Neben der Analyse des gesamtregionalen Wohnungsbedarfes und dessen anteilige Umsetzungsmöglichkeiten vor Ort sind die kommunalen Steckbriefe für alle regionsangehörigen Städte und Gemeinden wichtiger Baustein des Konzeptes. Sie liefern den Kommunen wesentliche Nachweise für die Neubauförderung des Landes und der Region Hannover und lokale Informationen: So finden sich in jedem rund 25-seitigen Steckbrief unter anderem Daten zur Bevölkerungsentwicklung, Altersstruktur, zum Wohnungsmarkt, Wohnungsbestand, Baustruktur, Miet- und Kaufpreisentwicklung, zu Haushalten mit geringem Einkommen, zu Wohnbaupotenzialen und -bedarfen.
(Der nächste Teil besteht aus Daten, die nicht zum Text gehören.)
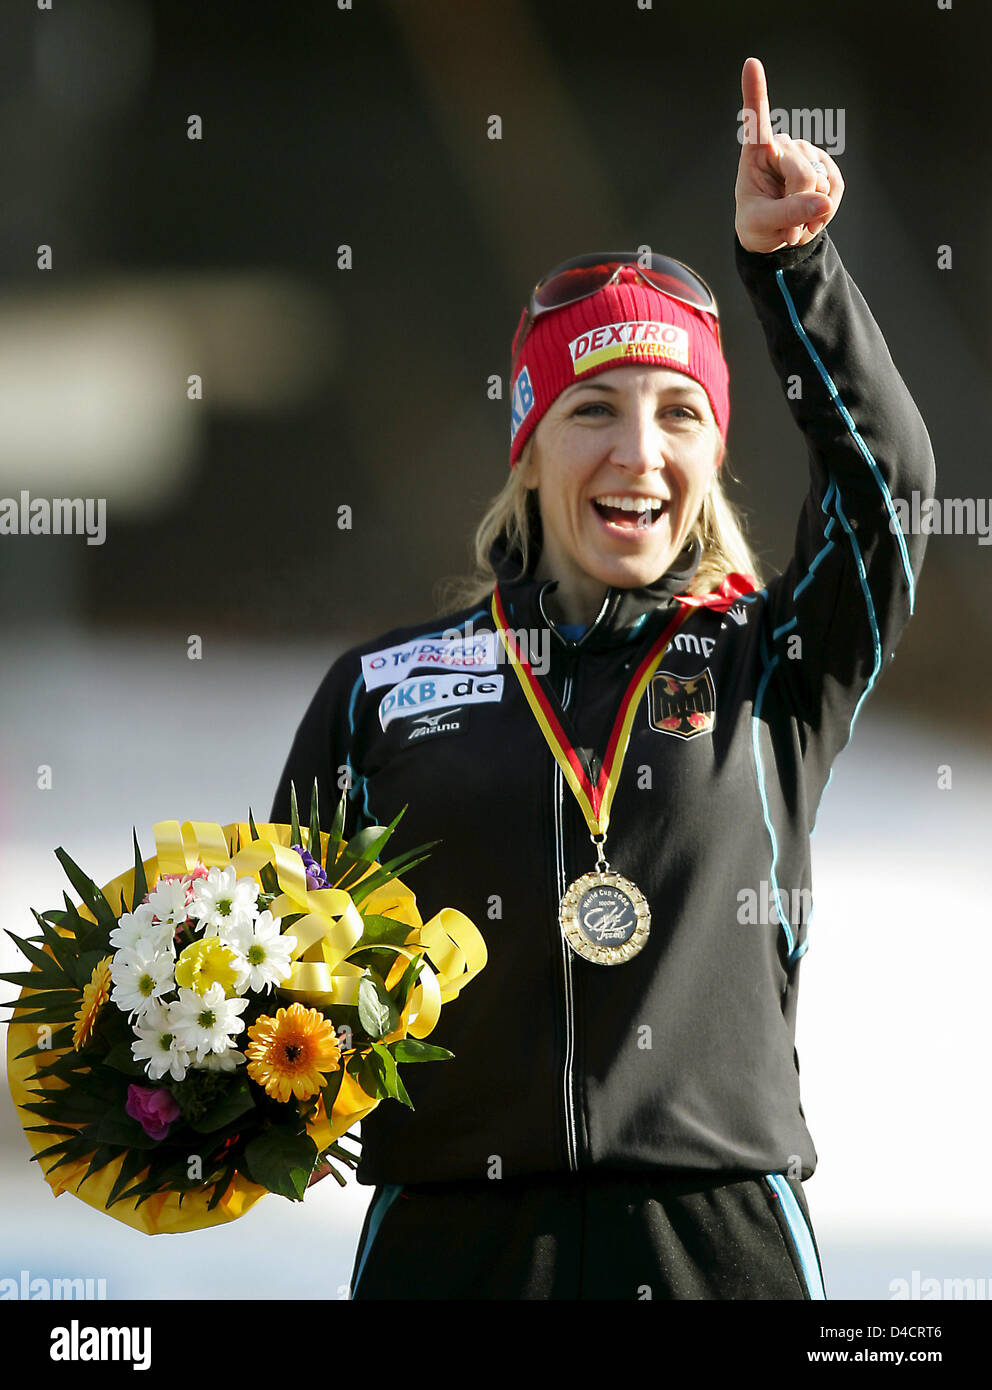 Deutsch Anni Friesinger feiert ihre Sieges in der 1000m-Wettbewerb bei der Eisschnelllauf-Sprint-WM in Inzell, Süddeutschland, 17. Februar 2008. 31 Jahre alte Friesinger gewann ihr 54. Weltcuprennen in 01:16, 44 min. Foto: MATTHIAS SCHRADER Stockfoto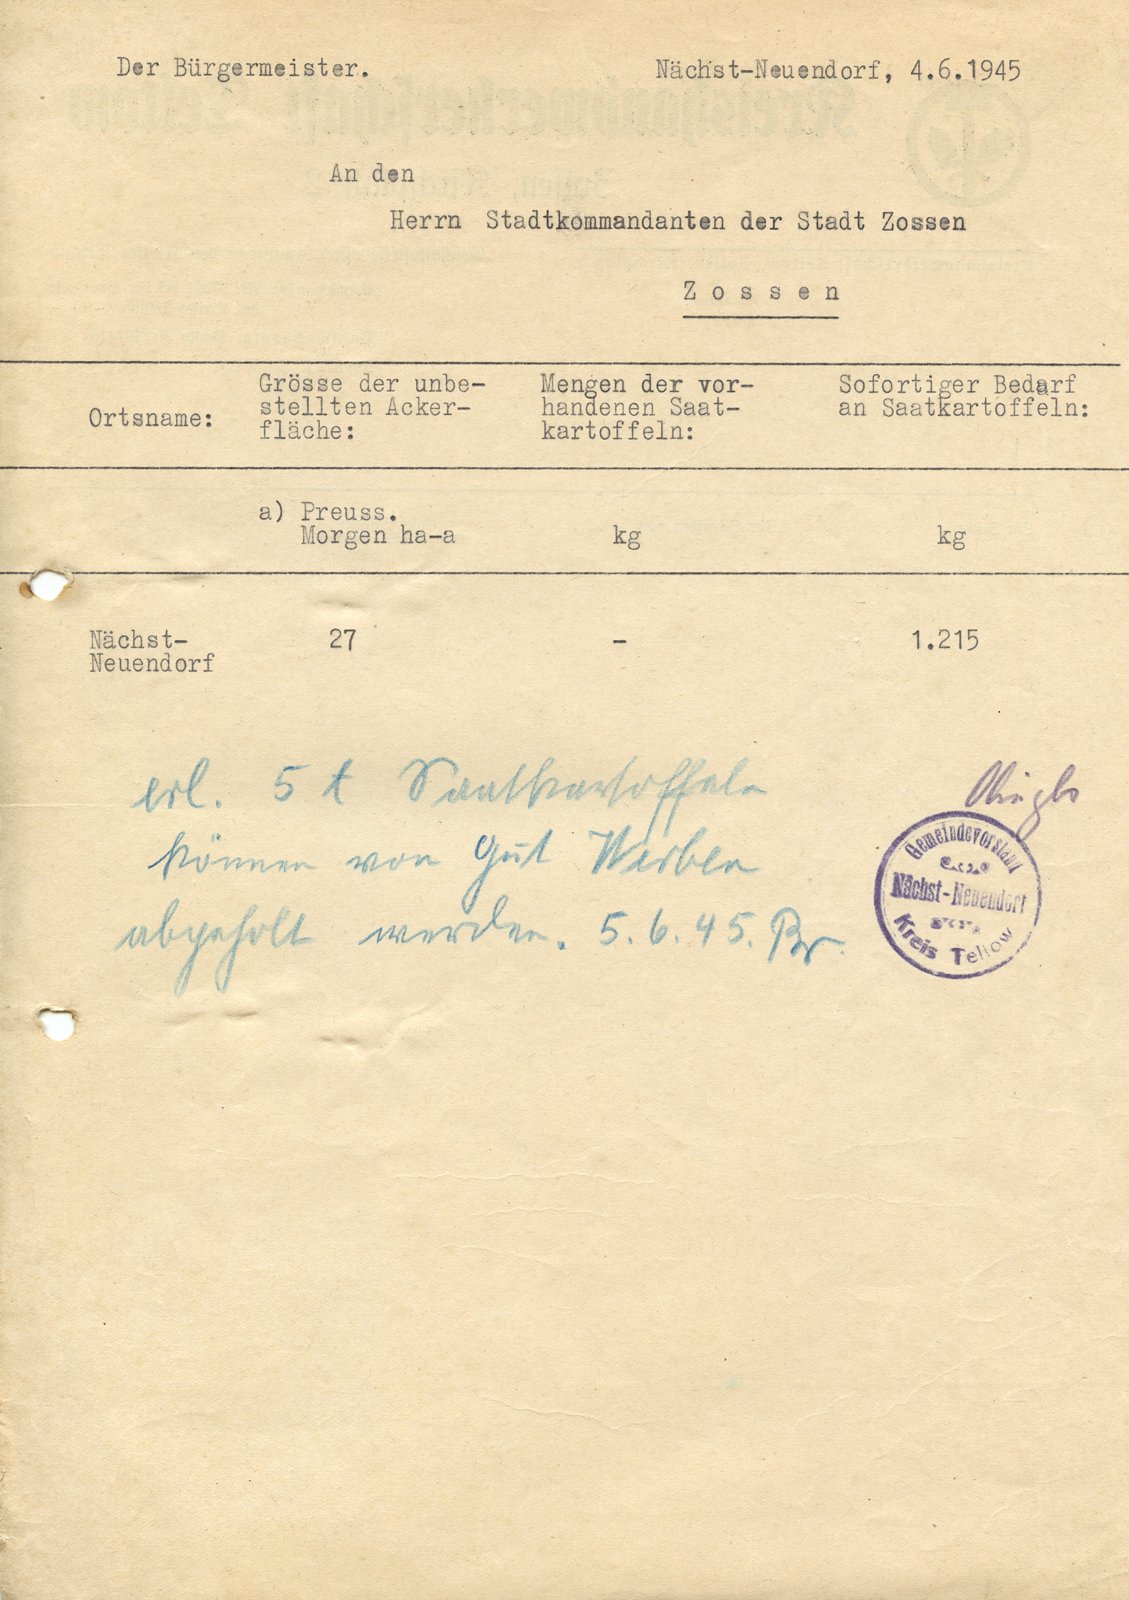 BM-Stadtkommandant, 04.06.1945 (Heimatverein "Alter Krug" Zossen e.V. CC BY-NC-SA)

Das Regionale Wohnraumversorgungskonzept sowie die kommunalen Steckbriefe stehen im Internet auf http://regions-sitzungsinfo.hannit.de/bi/vo020.asp... zur Verfügung.

Instrumente der WohnBauInitiative
Die Region Hannover setzt im Rahmen der WohnBauInitiative auf zwei Kernelemente: Fläche und Förderung. Den Kernelementen sind neben dem Regionalen Wohnraumversorgungskonzept im Bereich Förderung unterschiedliche Instrumente zugeordnet: Das digitale Wohnbauflächenkataster erfasst sämtliche Daten über aktuelle und geplante Bauflächen und gibt eine regionsweite Übersicht über Wohnbaulandpotenziale. Die geplante Koordinierungsstelle Wohnungsbau soll Kommunen und Investoren zu Planungsfragen beraten und unterstützen. Eine weitere Aufgabe ist die Koordination des Flächendialogs mit den Kommunen zu stadtplanerischen und städtebaulichen Fragestellungen. Das Wohnraumförderprogramm der Region Hannover unterstützt die Schaffung und Modernisierung von Mietwohnraum im Regionsgebiet sowie den Erwerb von Belegungsrechten. Mit der WohnBauPrämie unterstützt die Region die Kommunen beim Wohnungsbau mit einer Förderpauschale pro gebaute Wohnung.